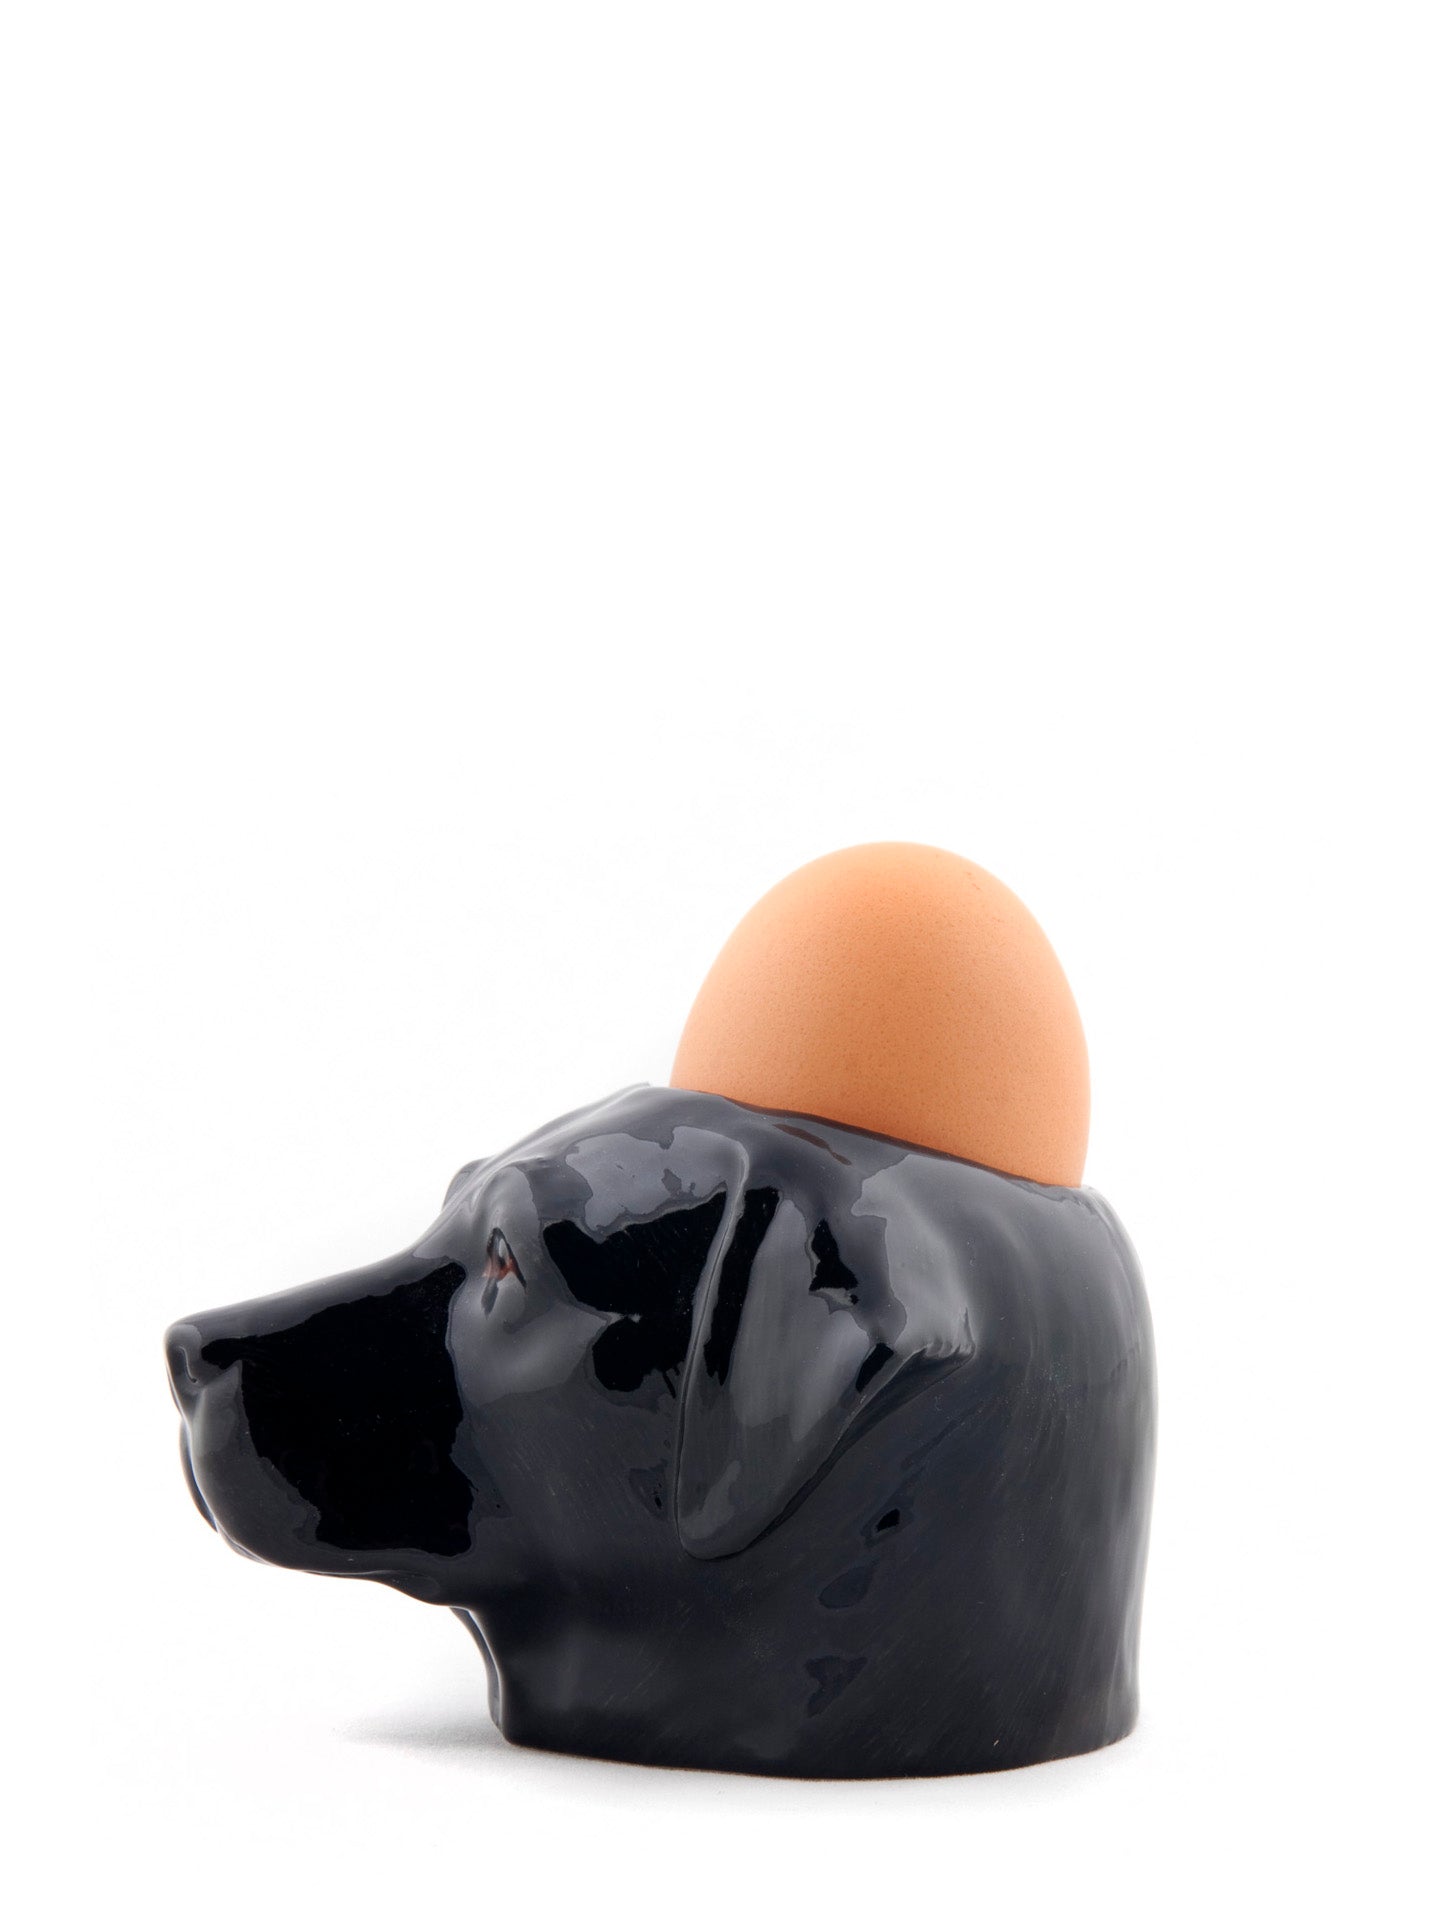 Black Labrador Egg Cup
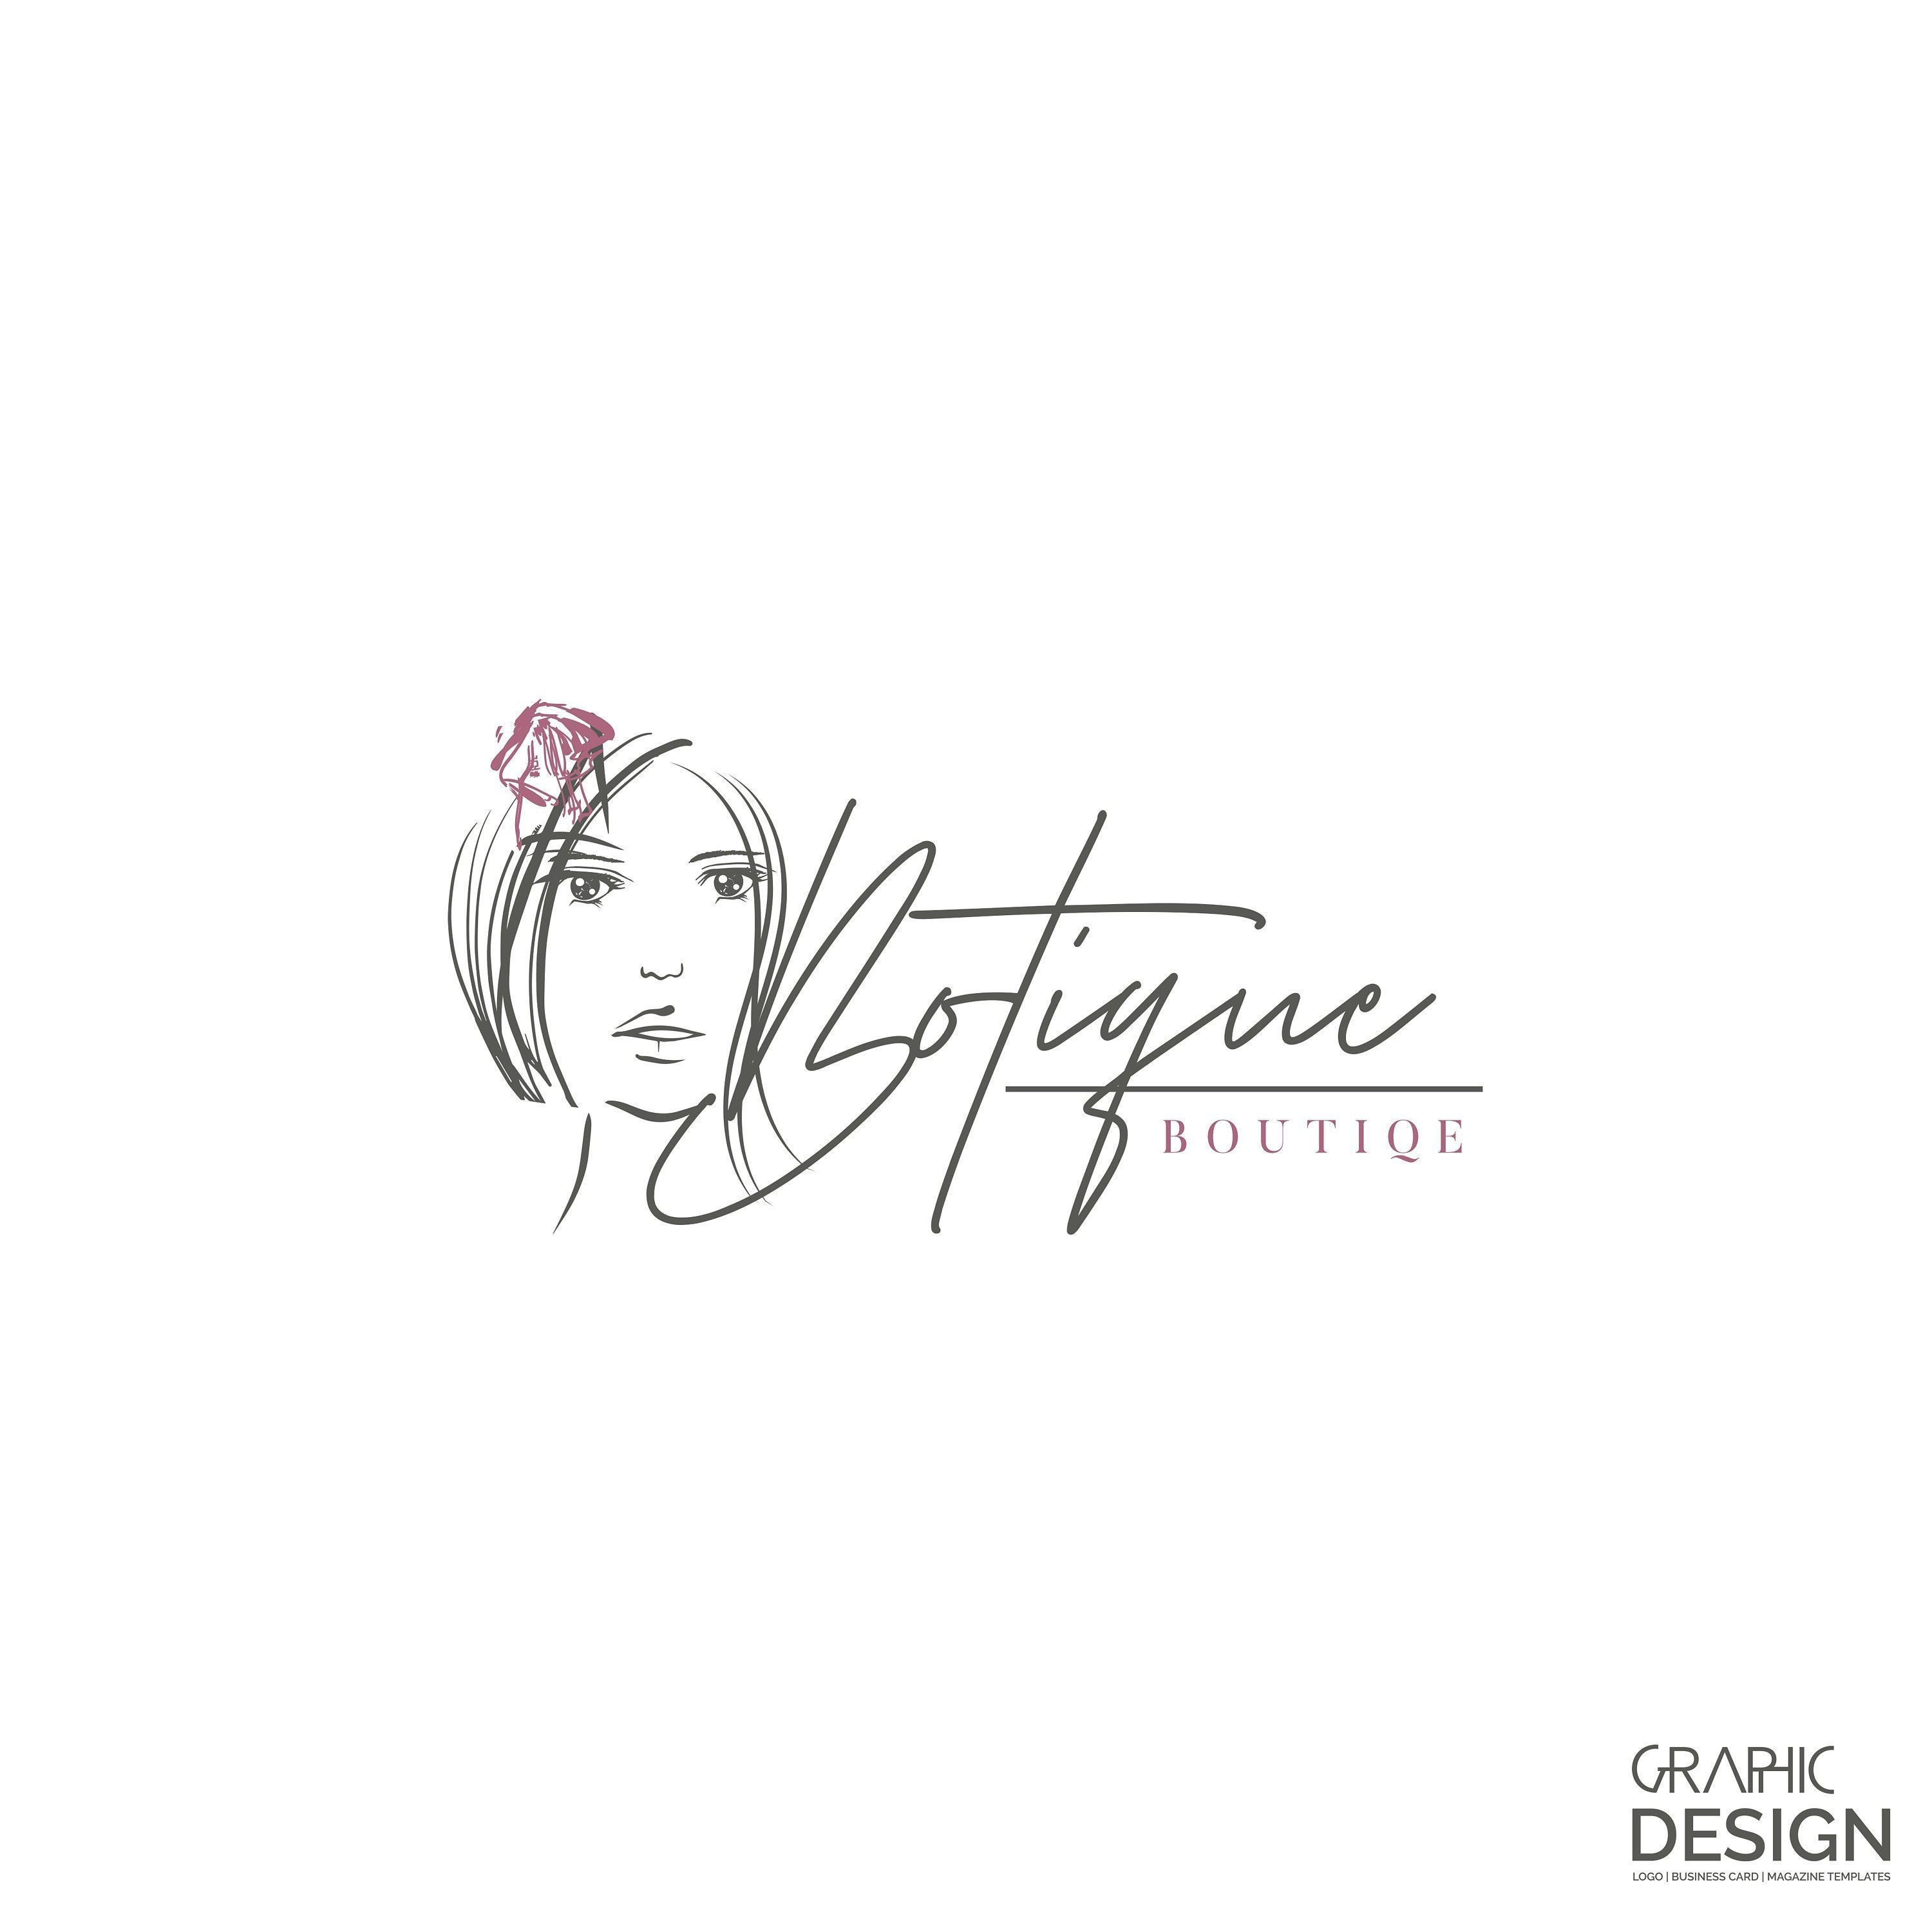 Boutique Logo Design New Modern Logo Design Make-up Studio - Etsy
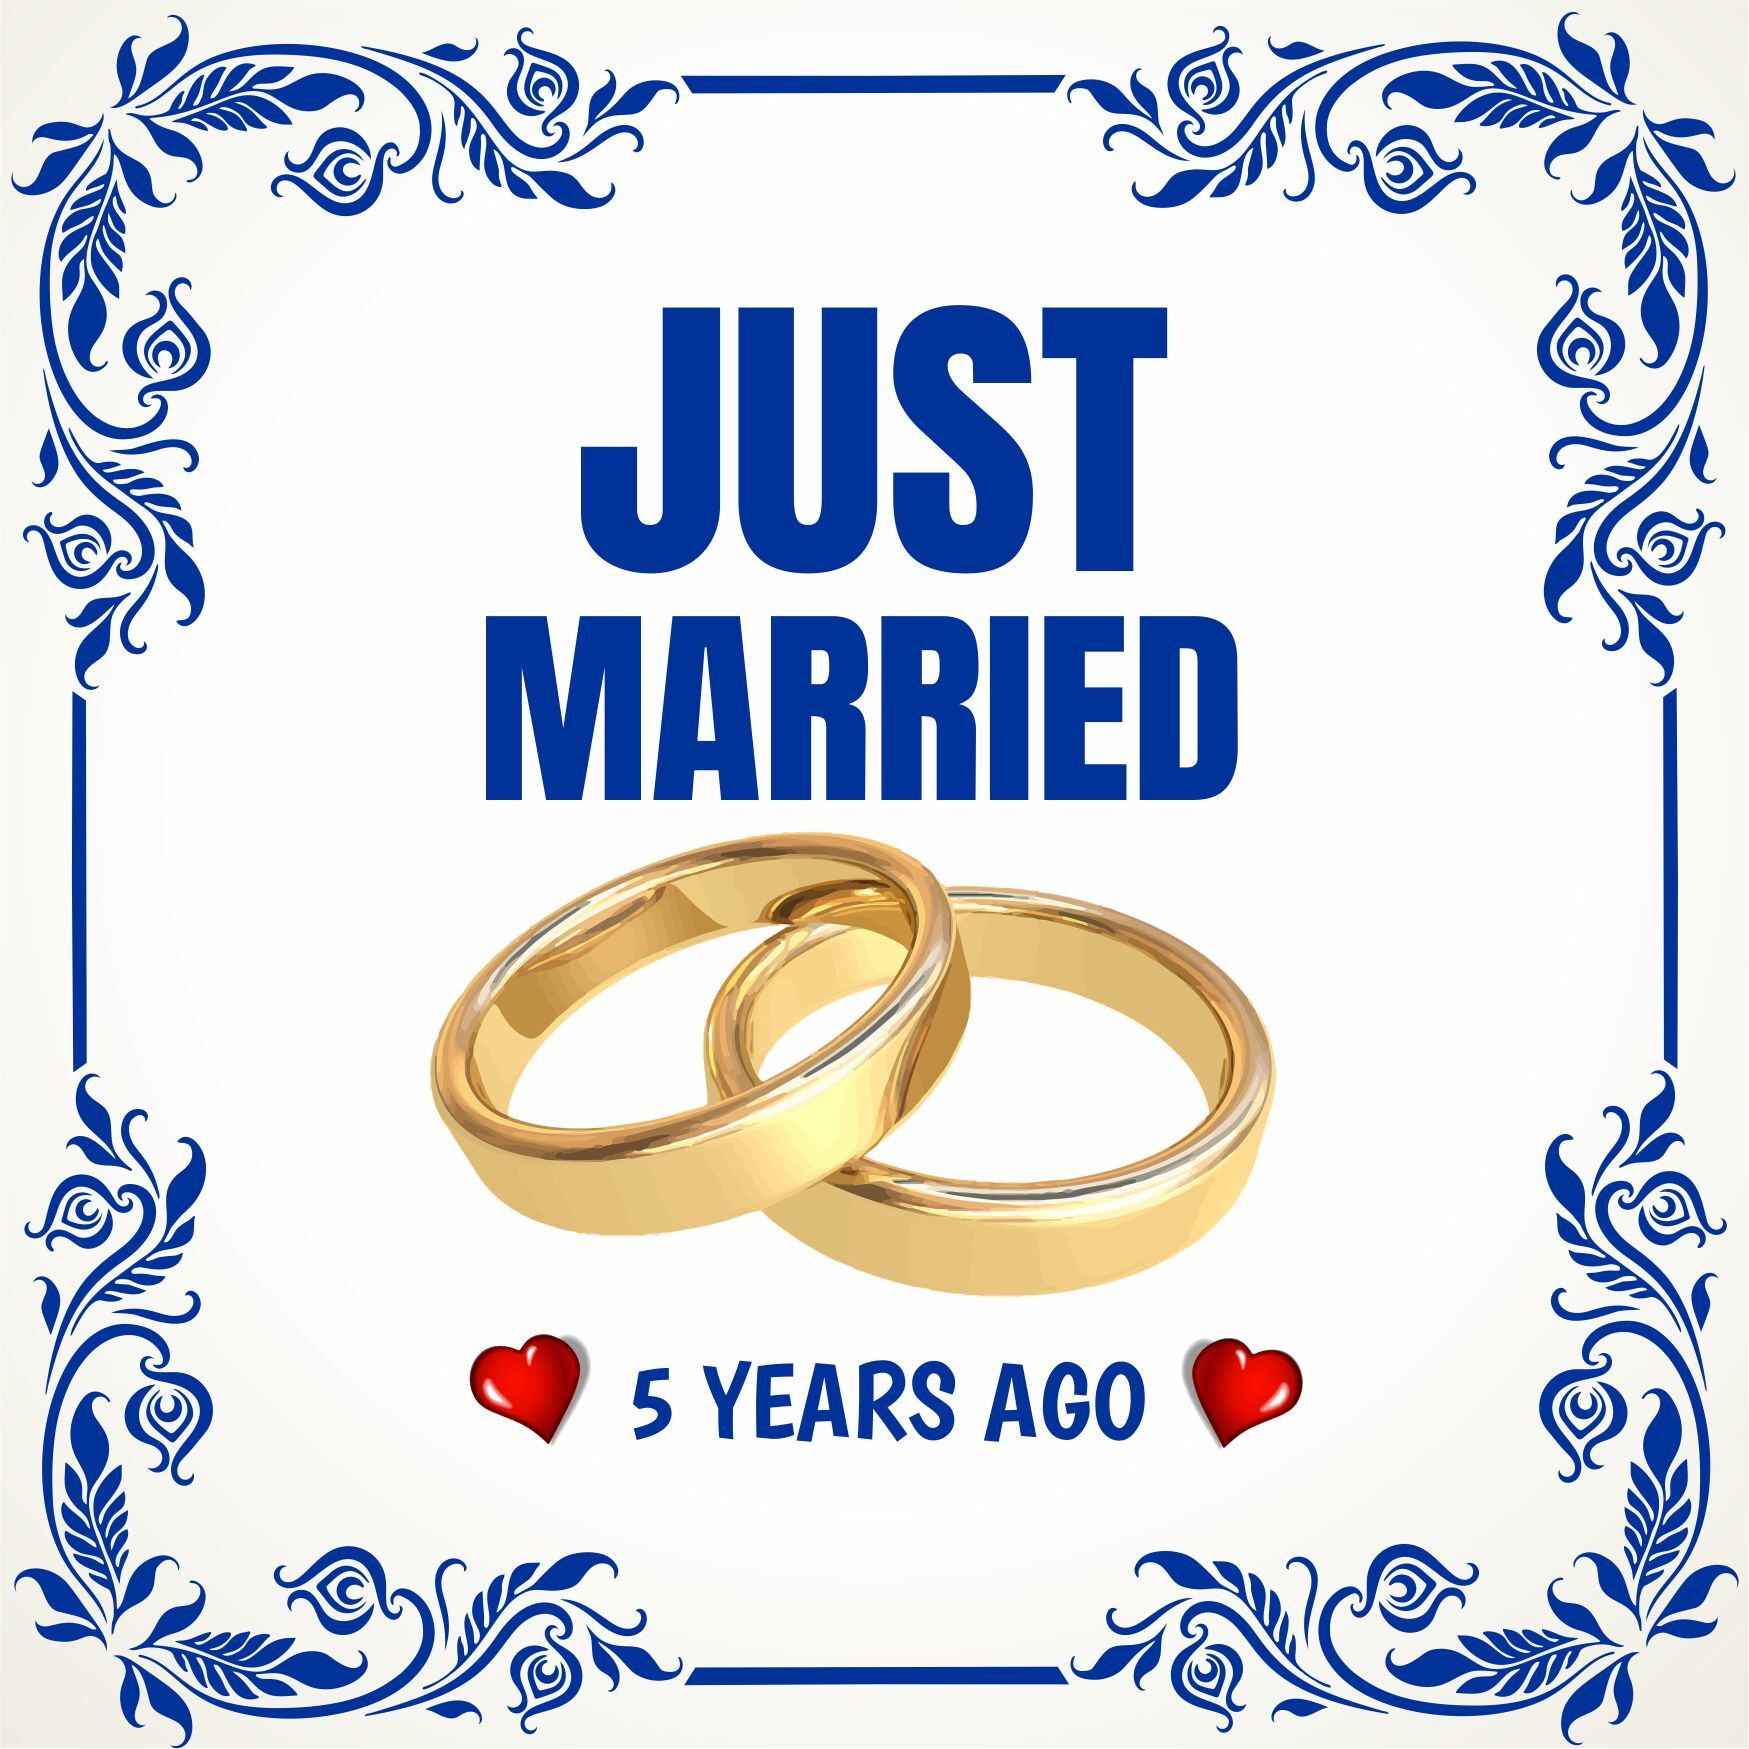 Tegel just married 5 years ago pas getrouwd 5 jaar geleden

= = = =

▸ **Exercise objective**
Repeat each line of the material exactly, please, and skip every picture.

▸ **Response to this task**
 Black Labrador Egg Cup
 Boutique Logo Design New Modern Logo Design Make-up Studio - Etsy
 Tegel just married 5 years ago pas getrouwd 5 jaar geleden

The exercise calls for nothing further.